Uneven detectability of organisms. All biodiversity data collection projects suffer from the challenge of uneven species detectability (Johnston et al. 2014). This issue involves accounting for both false positives — misidentifications of observed organisms, and false negatives—failures to report species that were present. Some false positives can be filtered out as anomalies that fall outside the norm of occurrence for a species at a particular time or space. However, false positives can also be misidentifications of expected species. An example of this challenge is identification of Purple Finch and House Finch (Figure 4), which are very similar in appearance. False-positive rates are difficult to identify and correct for in statistical analyses without additional sources of information, such as testing participants about species identification abilities or using validation approaches that estimate observer skill levels (Kelling et al 2015b, Ruiz-Gutierrez et al 2016). In contrast, false negative errors can be corrected for, typically through the direct estimation of detection probabilities (i.e., the probability of detecting a species when present (MacKenzie et al 2003).
Structured surveys that employ trained participants using explicit data collection protocols can often directly control for species’ detectability. For example, many bird surveys require participants to make repeat observations (e.g., replicates used to estimate detection probability) or to collect observations at times of the year or times of the day when organisms are most active to maximize the opportunity for an observer to detect an organism.
Unstructured surveys must collect more than basic encounter information if they wish to measure variation in detection rates of species. Unstructured projects that require observers to indicate when they have contributed a complete list of all the species they detected allows an analyst to assume that any species not reported is a non-detection for that sampling period (Figure 2b). Complete information on the detection and non-detection of a species can be combined with sampling effort information to allow for the analytical control of detection rates and inference of variation in the probabilities of true absence (Fink et al. 2010).

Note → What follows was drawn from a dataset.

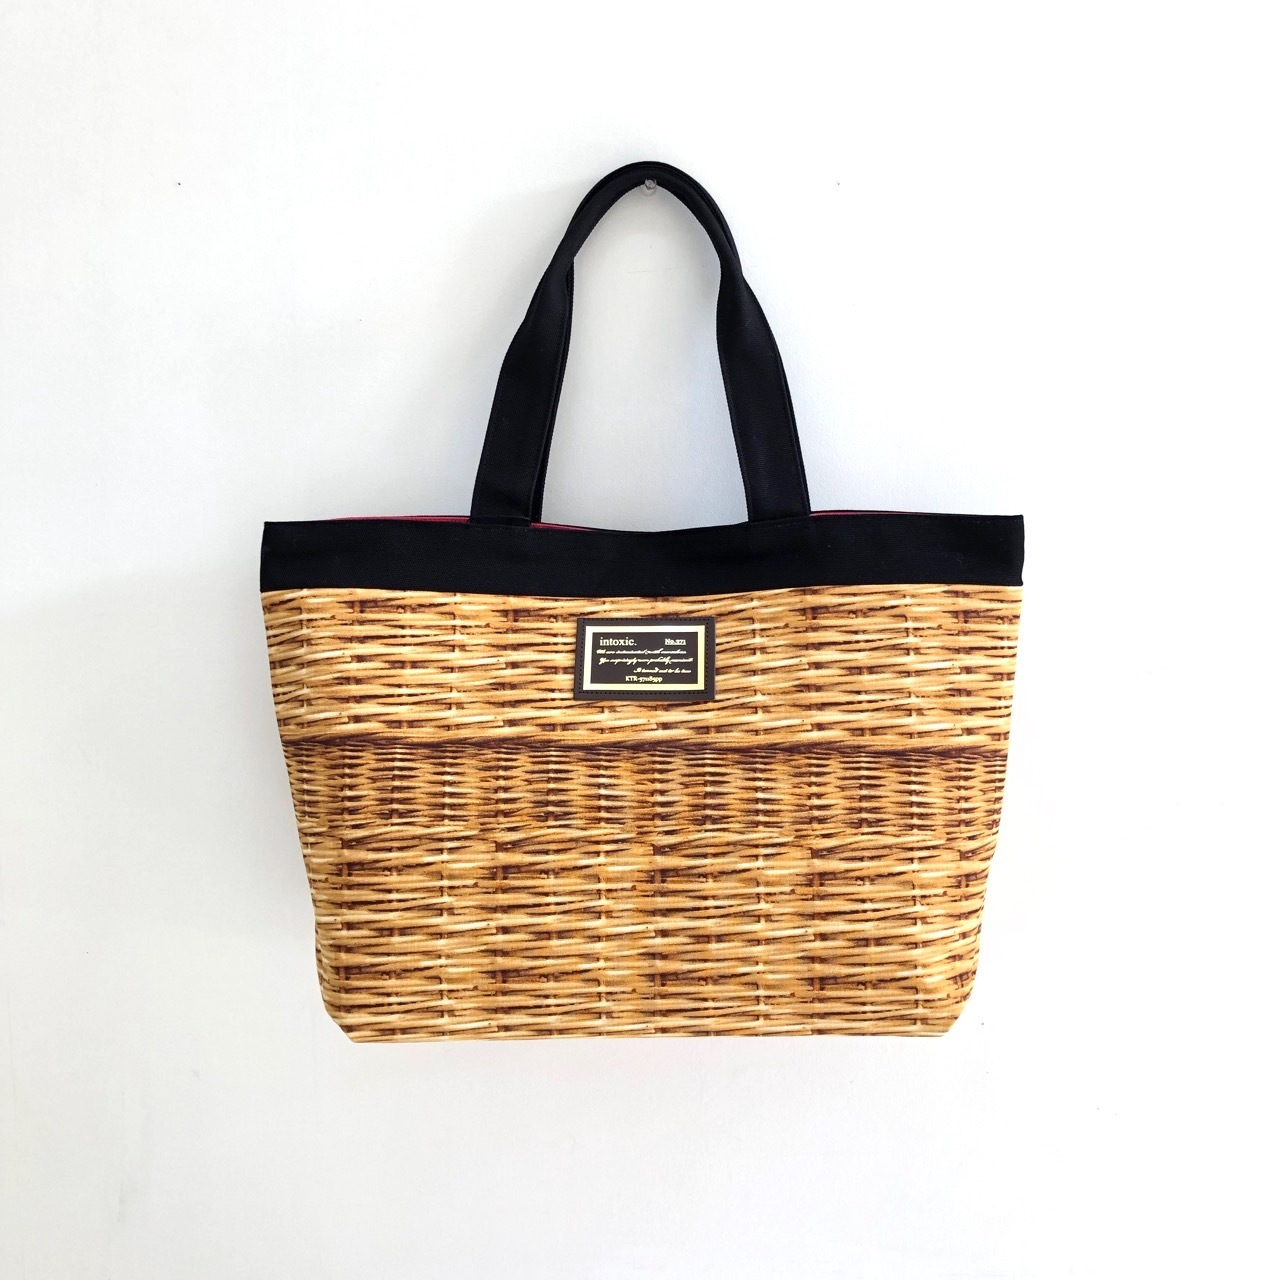 【 INTOXIC 】BASIC TOTE BAG

Uneven observation skills across participants. While various modeling techniques can account for variation in detection rates of a species, they cannot distinguish differences in detection rates among observers without gathering and maintaining information about those observers. Structured surveys often use participants who are paid technicians or experienced volunteers. Unstructured projects typically have few barriers to participation resulting in more substantial variability in participant skills in detecting and identifying species. Regardless of whether a project engages skilled participants or is open to anyone, a key feature of data collection and management should be the association of participant identifiers with the observations that each participant collected, which allow analysts to monitor the relative skills of participants and their activity. For example, eBird indexes observer variability through species accumulation curves, which describe how the total number of species reported increases with increasing time spent in collecting observations and how this rate of increase varies among observers. These differences in species accumulation curves vary among observers and provide a measure of observer skill (Kelling et al. 2015a). They can be used as a post-hoc data-derived measurement of observer skill levels that improves ecological inference (Johnston et al. 2018).
Improving the quality of species occurrence data gathered by Citizen Scientists
To control for the known biases outlined in the previous section, we argue that citizen science projects should be rooted within a survey design framework that includes several basic data collection principles that provide a solid foundation for data analysis. We build upon existing recommendations for biological monitoring programs that collect sufficient information on the sampling event that can be used within a statistical analyses framework (Yoccoz et al. 2001). The goal is for anyone designing a citizen science project to not only determine what is to be observed, but to describe the context in which each observation will be made. The answers to the following questions define the associated data-collection protocols needed for data analysis:
Why is the project being conducted? Every citizen science project should have a clearly articulated purpose based on either a research question or specific monitoring agenda to provide guidelines on what should be observed and how data need to be collected (Bonney et al. 2009). Any disconnect between the goals of the survey and how the data are collected will limit project success. For example, if the goal of a project is to relate species occurrences with land cover variables, the spatial resolution of data collected must be clearly defined. Imprecise information regarding where observations were made will lead to faulty land cover and observation relationships. We recommend that the goals of a citizen science project be clearly defined, even if relatively broad, so that the proper data collection methodology can be developed.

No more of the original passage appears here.